Notably, at the highest flow rates we imposed, the LNPs maintained their integrity, indicating that they did not break up. This can be understood by noting that, despite the high speed (i.e., cm/s), on the scale of the LNP, i.e., 100 nm, the shear stresses are low. Should we increase the system size, there would be no difficulty in raising the flow rate and thus the throughput, provided the shear stress ‘seen’ by the LNP remains at the same level as in our experiments, and the flow conditions remain below the turbulence onset.

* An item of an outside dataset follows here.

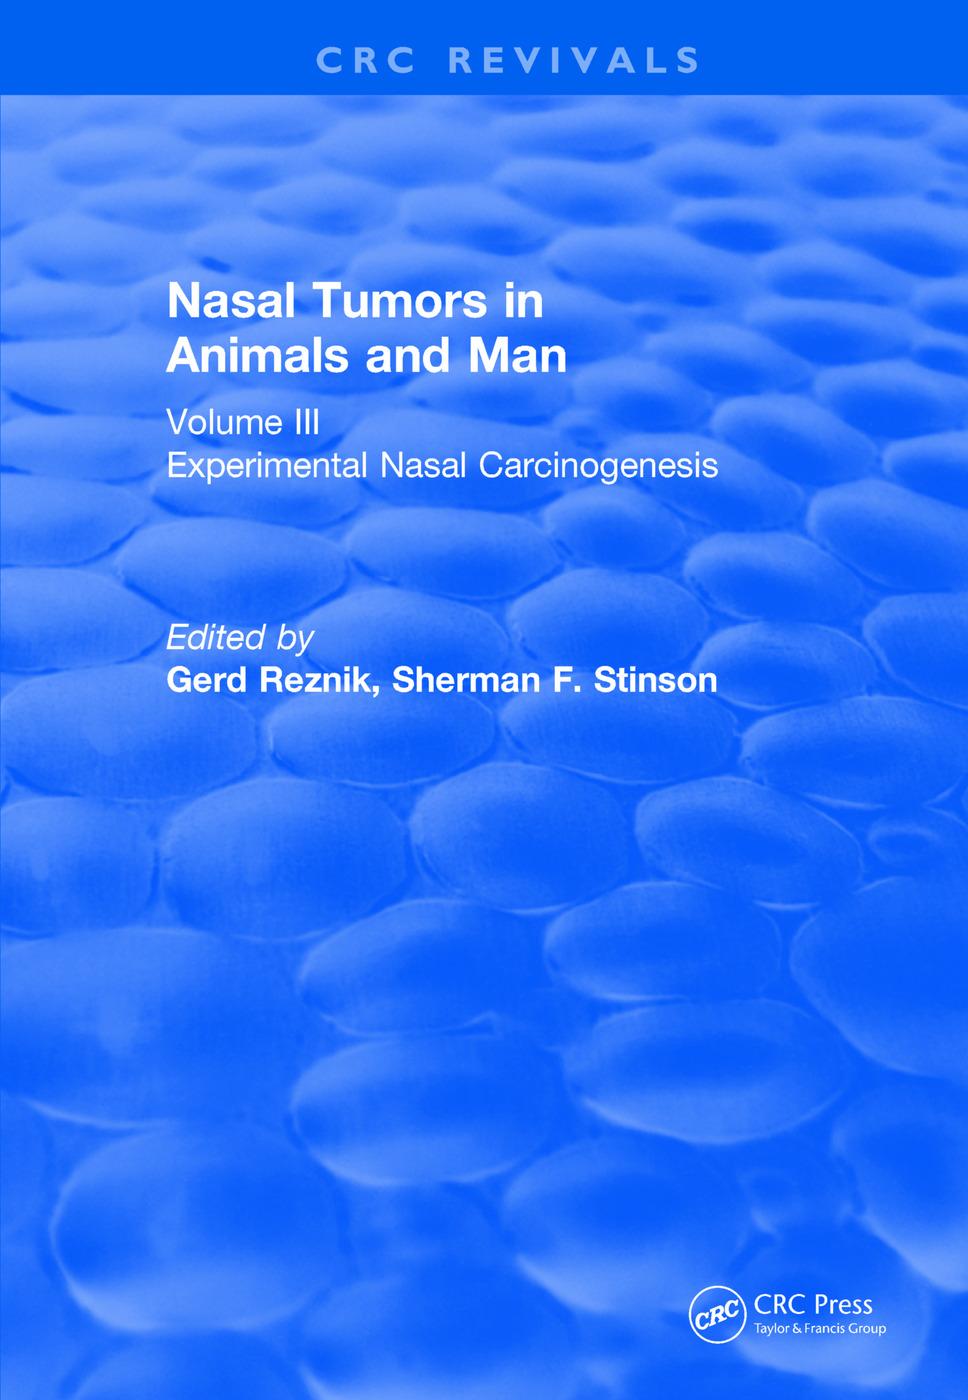 Revival: Nasal Tumors in Animals and Man Vol. III (1983): Experimental Nasal Carcinogenesis book cover

Finally, by using the understanding we gained in this work, we may attempt to define optimal conditions for producing LNPs for the type of mixer we used. First, the flow rate must be large enough to achieve high mixing. In our case, a minimum flow rate of 4 ml/min can be proposed. Second, the device should be long enough for the mixing process to fully develop. Our work suggests that thirty times the transverse dimension is acceptable. Finally, the FRR must be large enough to maintain the medium polarity close to water, without operating with high dilution factors, which would generate waste. In our system, we may propose an FRR on the order of 3.

Conclusion

The paper analyzes, in some depth, the mixing process developing along a device incorporating a Y junction and four rings. In the LNP context, this is a first. The device we analyze belongs to the category of inertial micromixers, i.e., micromixers taking advantage of the action of inertial (Dean) vortices and, in the meantime, operating below turbulence onset. These mixers are well adapted to high throughputs, a key condition for envisaging mass production. Such throughputs cannot be achieved, for instance, with the herringbone micromixer. In this paper, we showed that time-dependent phenomena develop above a certain threshold, close to the numerical work of Minakov et al.18. Our analysis of the mixing process, along with LNP measurements, indicates that the optimal conditions for producing functional structures require flow rates substantially above the onset of time-dependent phenomena. The rationale is that, as established in the literature on chaos (see, for instance, Ref19), oscillatory eddies give rise to efficient mixing. We suggest that the criterion we propose here (operating above the onset of oscillatory flow-regimes) is general. It should be useful for designing high-throughput micromixers dedicated to LNP production.